Task directions: Copy only what runs from the line containing "Georg Jensen sterling" through the end of the material below, line for line, with both ends included.

Records for the task:
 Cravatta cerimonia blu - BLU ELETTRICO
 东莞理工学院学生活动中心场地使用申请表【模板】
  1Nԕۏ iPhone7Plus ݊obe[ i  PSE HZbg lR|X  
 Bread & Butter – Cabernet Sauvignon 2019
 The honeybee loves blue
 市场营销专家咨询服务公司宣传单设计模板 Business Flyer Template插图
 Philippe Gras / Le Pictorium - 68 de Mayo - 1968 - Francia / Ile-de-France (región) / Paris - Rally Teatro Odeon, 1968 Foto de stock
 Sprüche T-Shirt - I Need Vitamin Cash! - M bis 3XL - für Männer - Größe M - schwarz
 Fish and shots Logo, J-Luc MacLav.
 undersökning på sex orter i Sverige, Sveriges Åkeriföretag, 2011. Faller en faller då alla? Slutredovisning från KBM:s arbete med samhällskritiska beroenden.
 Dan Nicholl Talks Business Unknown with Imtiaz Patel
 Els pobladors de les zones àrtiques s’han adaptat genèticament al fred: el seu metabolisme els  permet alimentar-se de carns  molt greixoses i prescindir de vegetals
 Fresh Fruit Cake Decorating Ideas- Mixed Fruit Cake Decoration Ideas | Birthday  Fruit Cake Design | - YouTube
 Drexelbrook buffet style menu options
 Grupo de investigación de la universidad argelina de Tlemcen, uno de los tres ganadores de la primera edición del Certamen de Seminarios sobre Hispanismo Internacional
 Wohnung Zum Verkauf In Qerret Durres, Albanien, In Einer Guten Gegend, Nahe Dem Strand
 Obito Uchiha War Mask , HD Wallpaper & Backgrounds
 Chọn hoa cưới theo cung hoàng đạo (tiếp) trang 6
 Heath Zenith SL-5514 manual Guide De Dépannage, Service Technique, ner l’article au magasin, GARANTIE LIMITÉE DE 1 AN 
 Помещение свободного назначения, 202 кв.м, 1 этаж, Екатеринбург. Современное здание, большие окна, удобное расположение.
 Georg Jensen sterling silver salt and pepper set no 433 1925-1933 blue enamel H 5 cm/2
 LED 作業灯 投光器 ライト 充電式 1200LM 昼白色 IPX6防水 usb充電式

Response to this exercise:
 Georg Jensen sterling silver salt and pepper set no 433 1925-1933 blue enamel H 5 cm/2
 LED 作業灯 投光器 ライト 充電式 1200LM 昼白色 IPX6防水 usb充電式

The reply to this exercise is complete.